In the medial PFC, PPD shows increased Glu levels [77]. In fMDD, however, there were no significant differences in Glu, GABA, or Glx concentrations in this region [106, 130].
The conjunction analysis (57 experiments, 1194 participants) identified regions in the right insula, left ventral lateral nucleus (thalamus), left caudate, right amygdala, left cingulate gyrus and bilateral putamina demonstrating convergent brain changes in both PPD and fMDD (Table S12; Fig. 4). Contrast analyses revealed that PPD was associated with more prominent alterations in temporal lobes and somatosensory cortices, while fMDD showed stronger involvement of the DLPFC and ACC (Fig. 4).

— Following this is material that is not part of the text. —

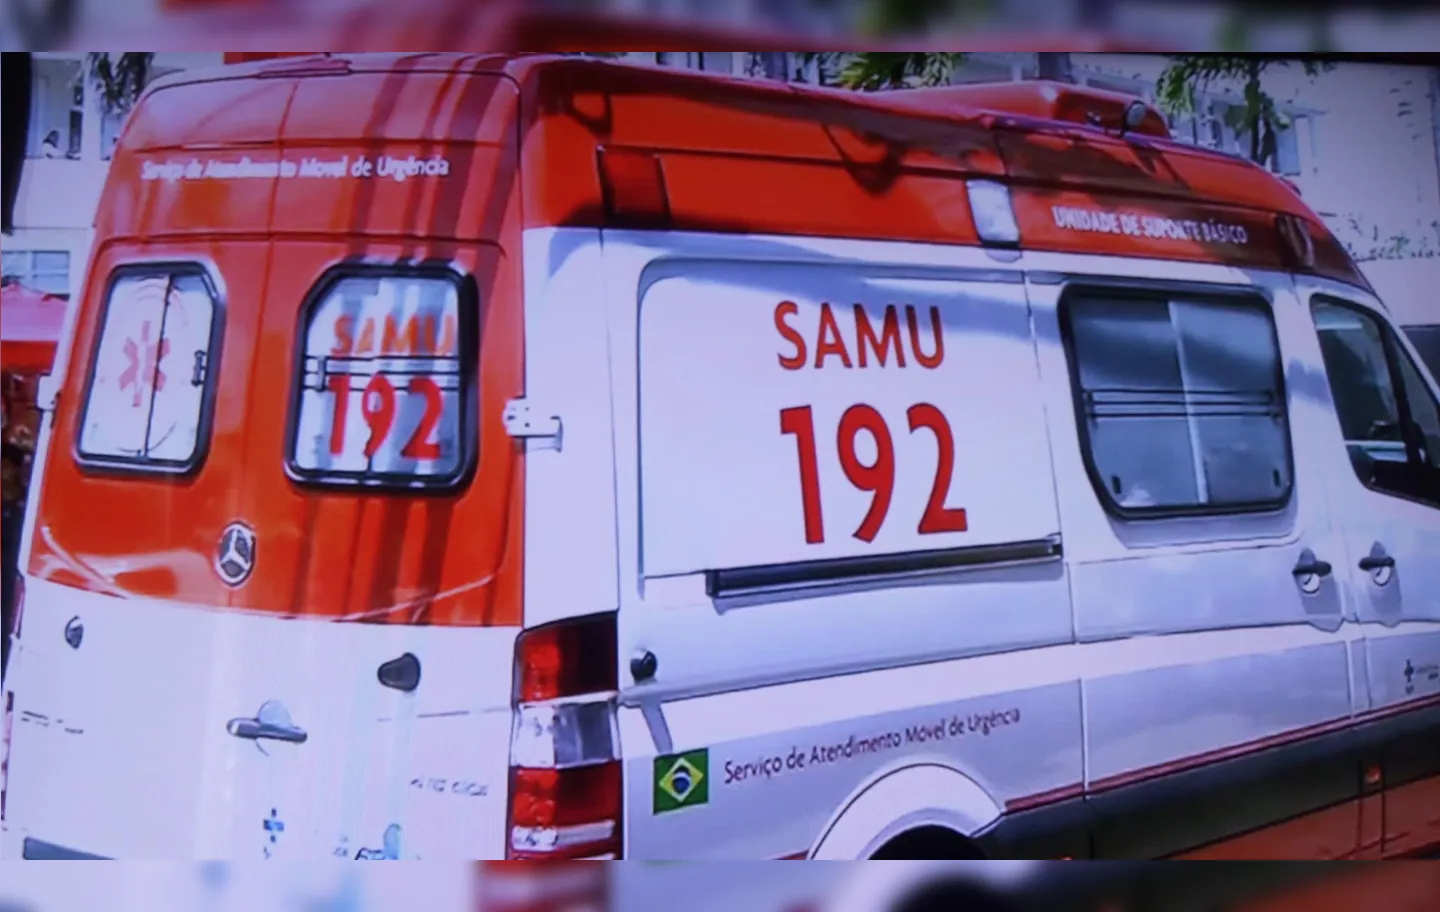 Samu está no local para socorrer a vítima | Foto: Reprodução | TV Record Bahia

Dice coefficients for PPD and fMDD were low for both symptom networks: 0.0858 (PPD/anxiosomatic), 0.0924 (PPD/dysphoric), 0.0845 (fMDD/anxiosomatic) and 0.0995 (fMDD/dysphoric).
The dummy dataset of randomly assigned coordinates did not result in any significant cluster accounting for strict thresholding. This suggests that our meta-analytical results on PPD are not merely the consequence of compiling heterogeneous study results for analysis.